Monday, May 12, 2025
A cloudy morning gave way to a calm, partly sunny afternoon, and Braesail and her crew set off from Reads Bay shortly after noon to visit nearby Watmough Bay, whose beauty several of our fellow boaters had mentioned to us during the AYC rendezvous. We motored along the scenic shores of Lopez Island for a short time, admiring the many pretty pocket beaches, swaths of woods, and shimmery-green meadows, and found the bay to be lovely indeed, with attractive sand beaches surrounded by thick forests, a soaring cliff at its north side, a few charming little islands along another side, and several mooring buoys bobbing about. After checking water depths around the buoys, however, we decided that the bay was too small and shallow to accommodate safely and comfortably a boat as large as Braesail, and we motored on to Eagle Harbor on Cypress Island, an anchorage we’d visited many times over the years, arriving there at about 3:30 pm and finding three power boats and one sailboat occupying mooring balls in the sheltered cove.

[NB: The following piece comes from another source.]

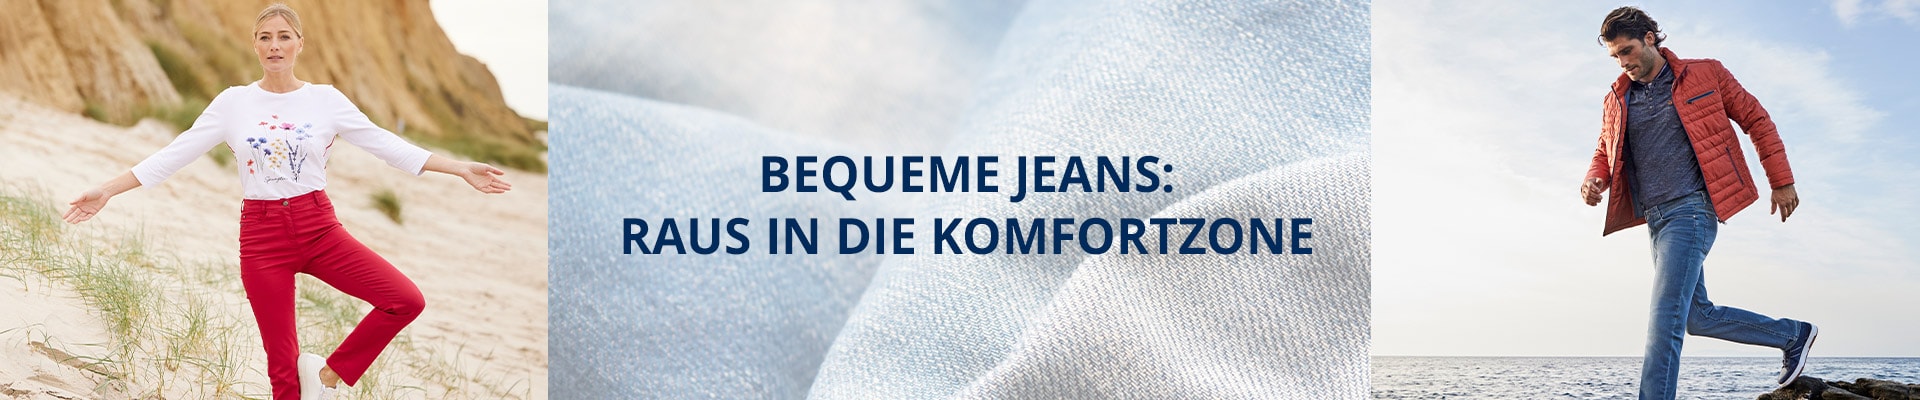 Bequeme Jeans: Raus in die Komfortzone

Once Braesail was safely attached to one of the anchorage’s many buoys (while the helms-person steers the boat to a position beside a buoy, which is firmly affixed to the sea floor, another sailor uses a boat-hook to snag the ring at the top of the mooring ball and threads a docking line through it, attaching the line’s end to a deck cleat in the boat’s bow and thus securing the boat to the buoy), Walt napped in the aft cabin, and I bathed in the sunshine pouring into the cockpit while chatting for about an hour with my friend Michelle, whom we’d met in Prince Rupert, BC, during our Alaska trip in 2022.

An afternoon chips-’n’-dip snack took care of our “Four o-Clock Munchies,” and we continued with our various computer projects until it was time for a late supper in the cockpit. The sun, as it sank behind the hills surrounding the harbor, sprinkled gold dust over the tops of the many evergreens surrounding the cove, gilding the branches from which we could hear the calls of the eagles after which the harbor is named—what a magical scene!
A prediction of strong overnight winds had influenced our decision to leave relatively open Reads Bay for more-sheltered Eagle Harbor, and as we finished our evening tasks, the waters in the anchorage began to sway Braesail around a little and gurgling wavelets began to slap her stern. Once in bed, I enjoyed the gentle rocking motion of the boat, but the percussive noises of the waves hitting the stern just behind my head made it difficult for me to sleep. I was still awake at 4 am when the wind did indeed begin to rise and to whistle and sigh and rattle in the rigging. Walt crawled out of bed and clambered up to the deck to check our attachment to the mooring ball—all was secure. He went back to sleep quickly, having seen that the wind was gusting to about 20 mph as predicted and there was no reason for concern, but I didn’t fall asleep until well after sunrise, when the wind and the water noises had subsided.